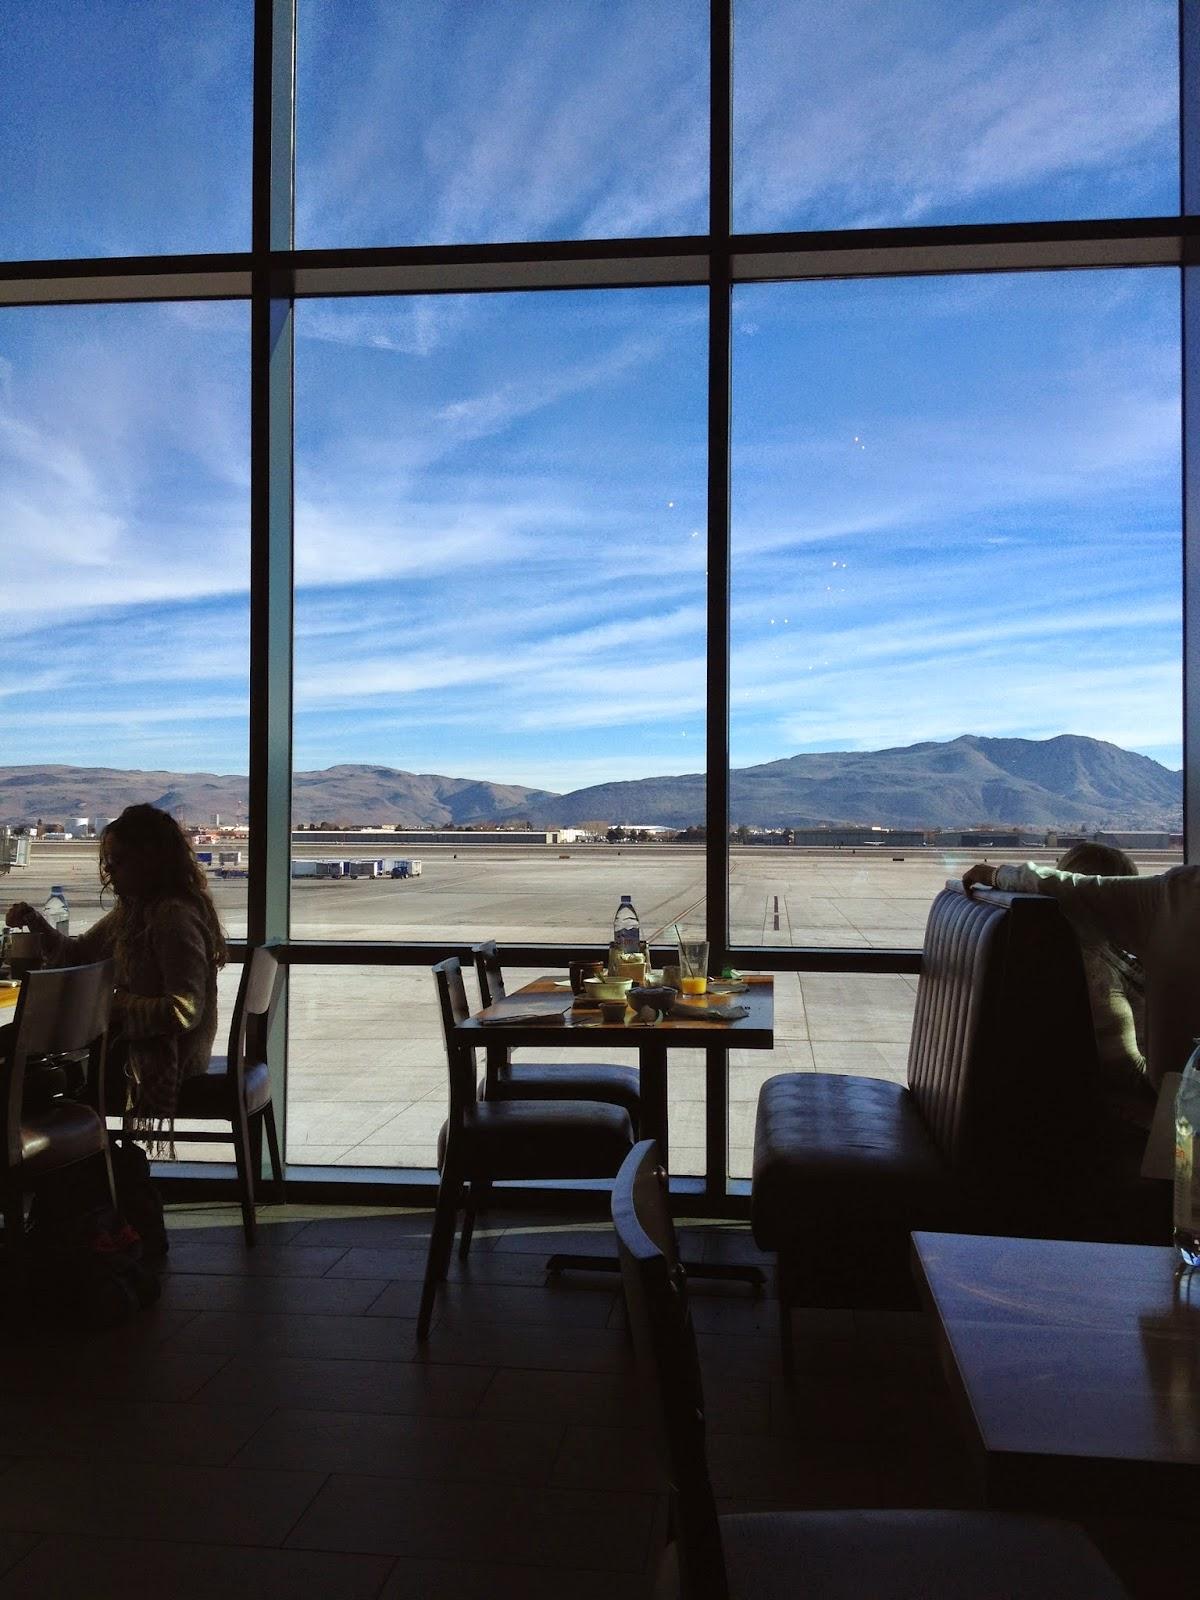 Timber Ridge Restaurant in the Reno Tahoe Airport
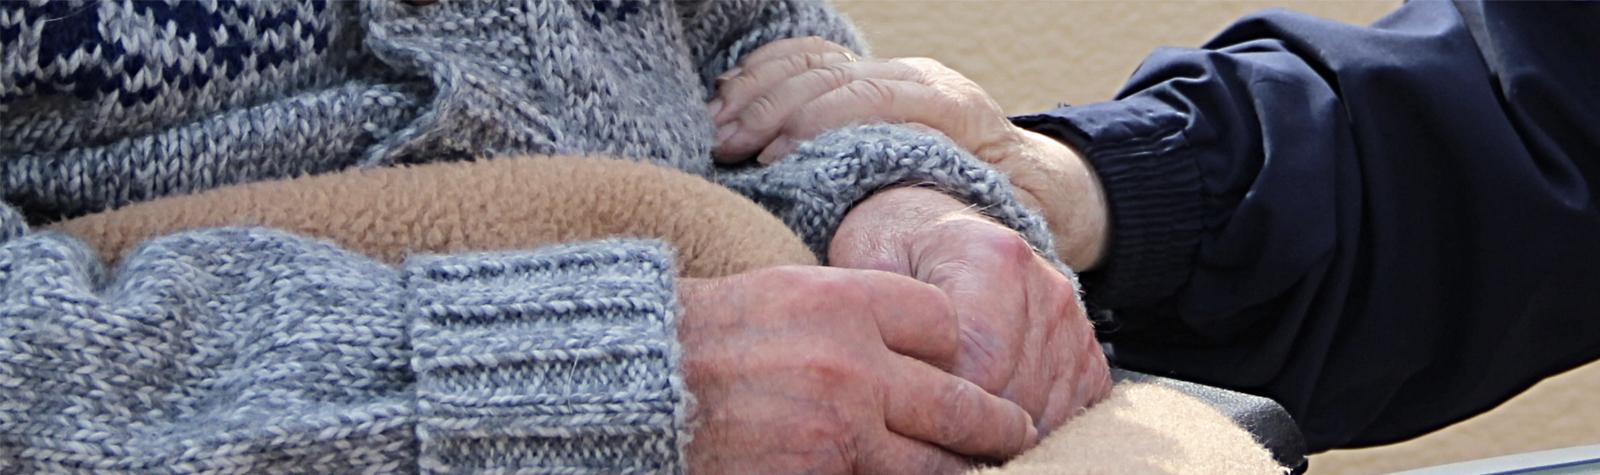 Avamere Transitional Care & Rehabilitation – Case Story
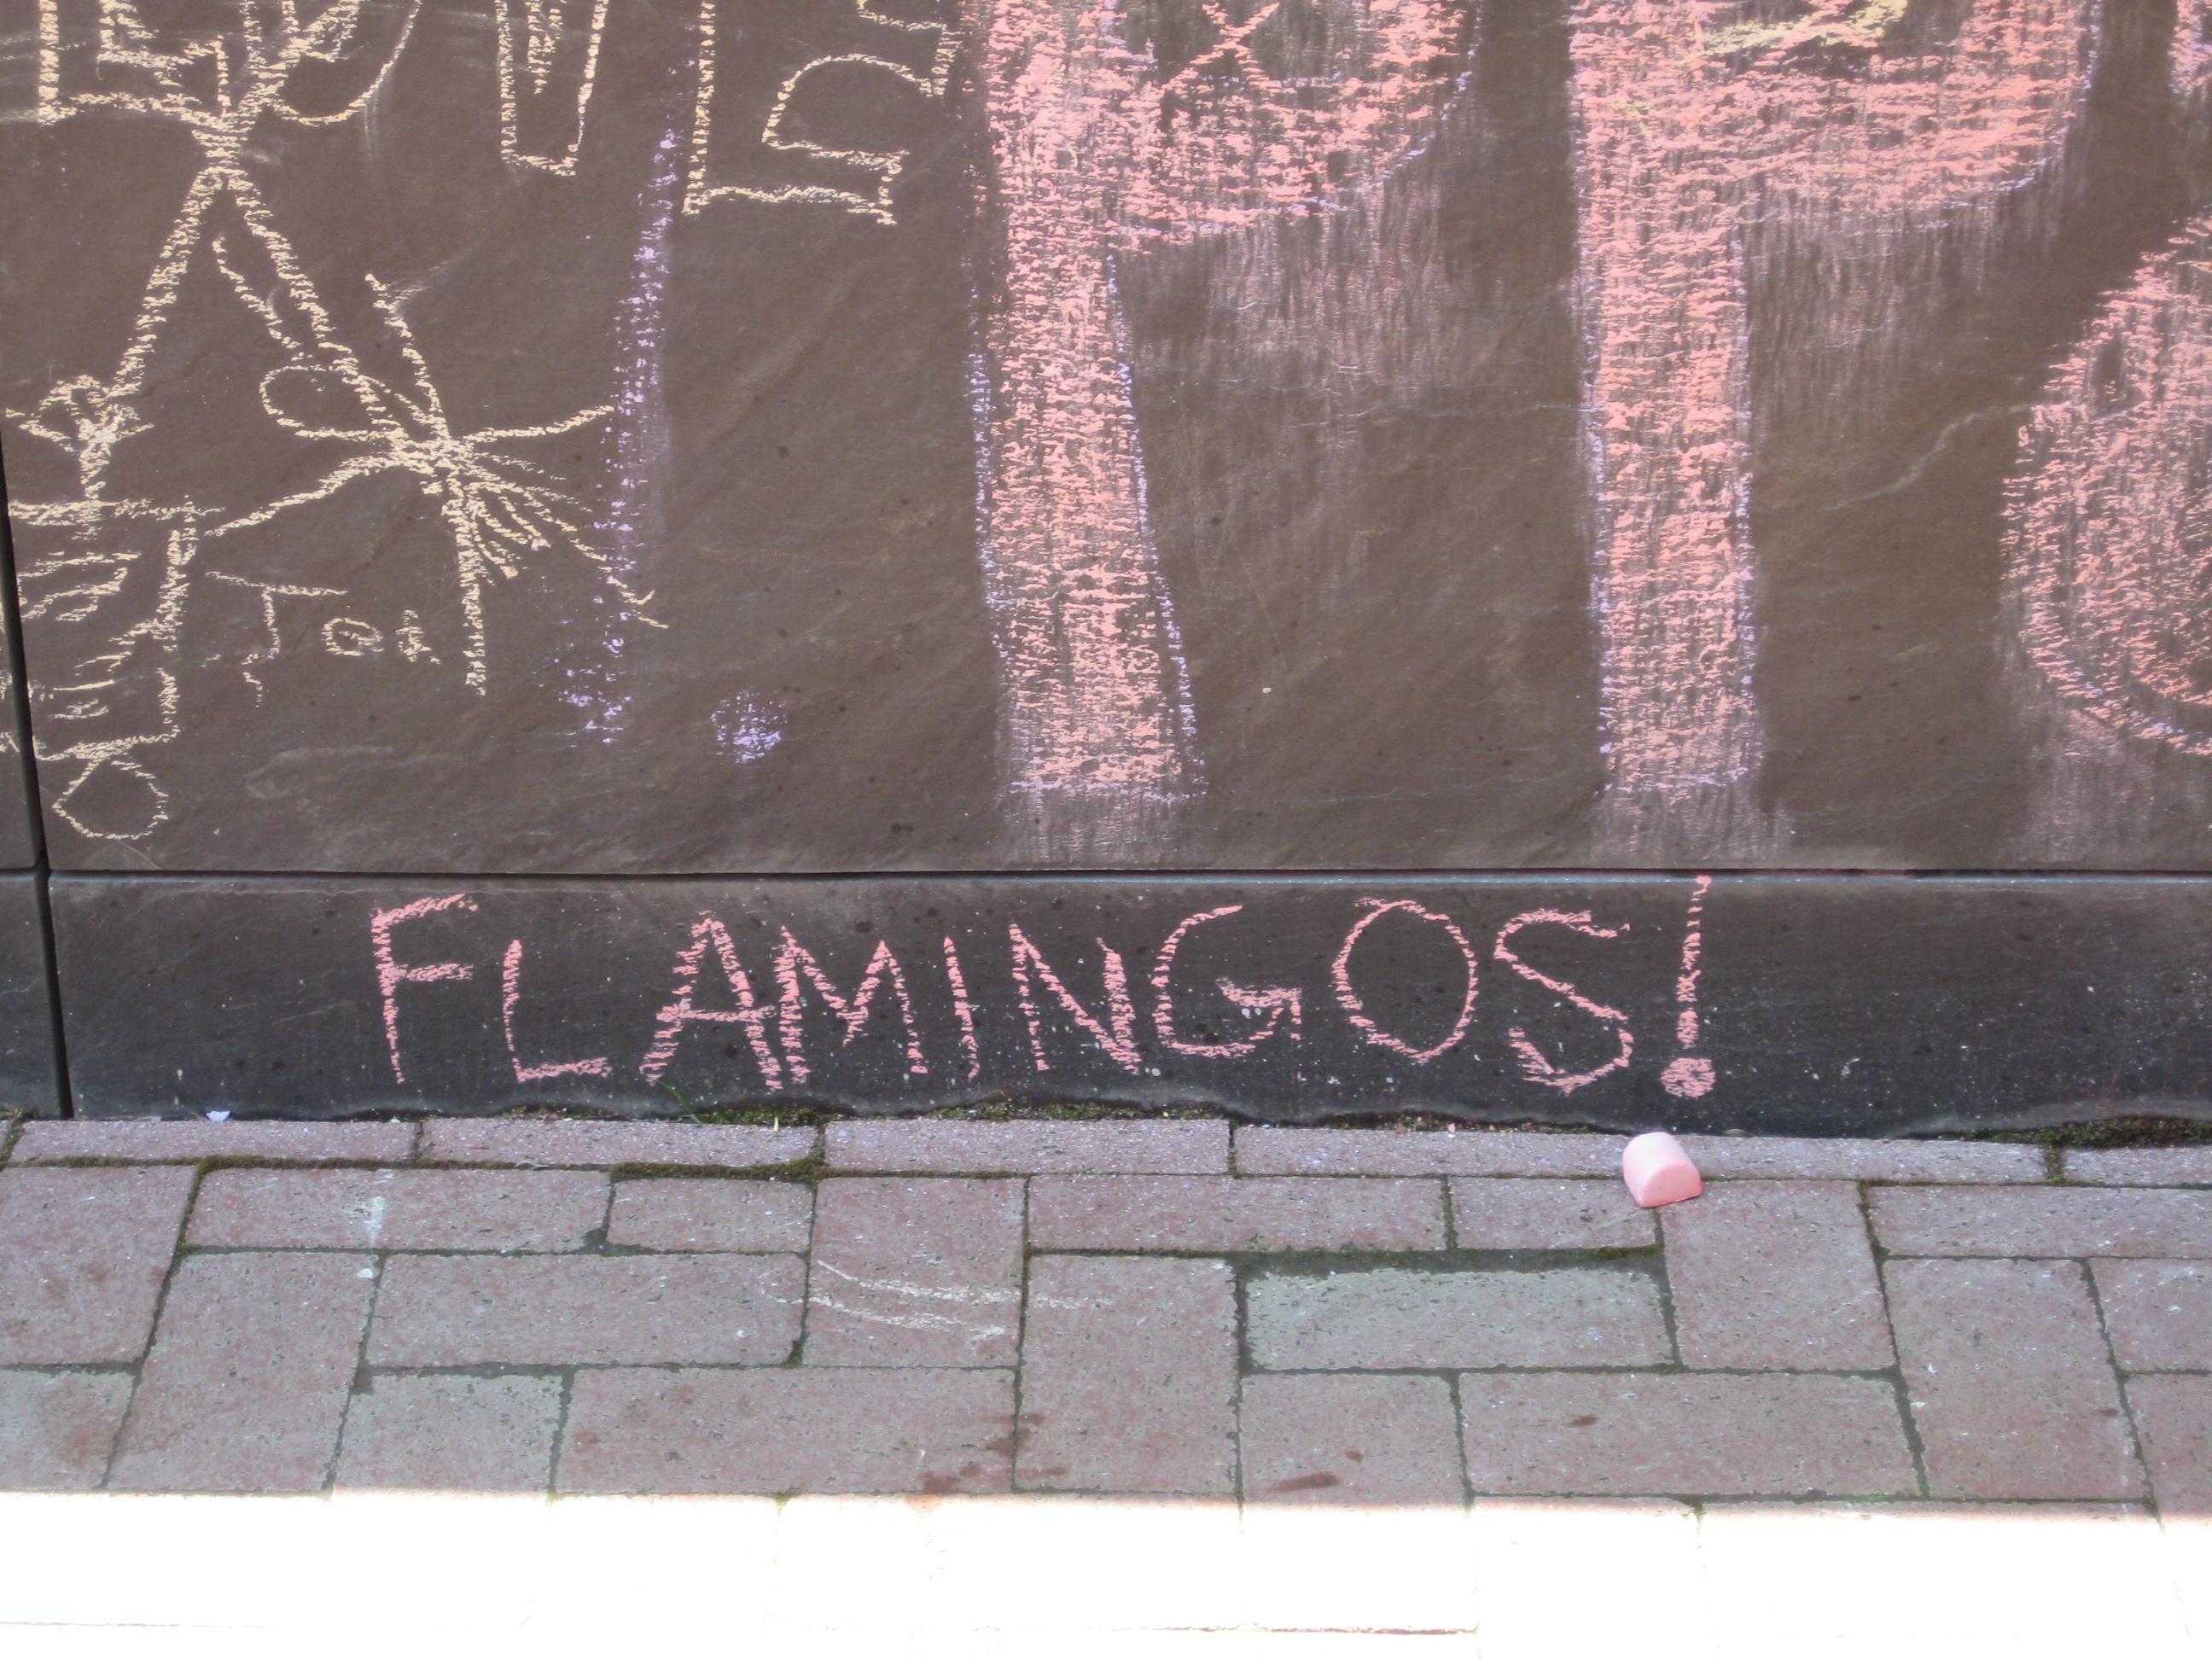 Flamingos! on the chalkboard.

■ YOUR ASSIGNMENT: Skip every picture, and give the rest of the material above again exactly.

■ RESULT FOR THIS EXERCISE:
 Timber Ridge Restaurant in the Reno Tahoe Airport
 Avamere Transitional Care & Rehabilitation – Case Story
 Flamingos! on the chalkboard.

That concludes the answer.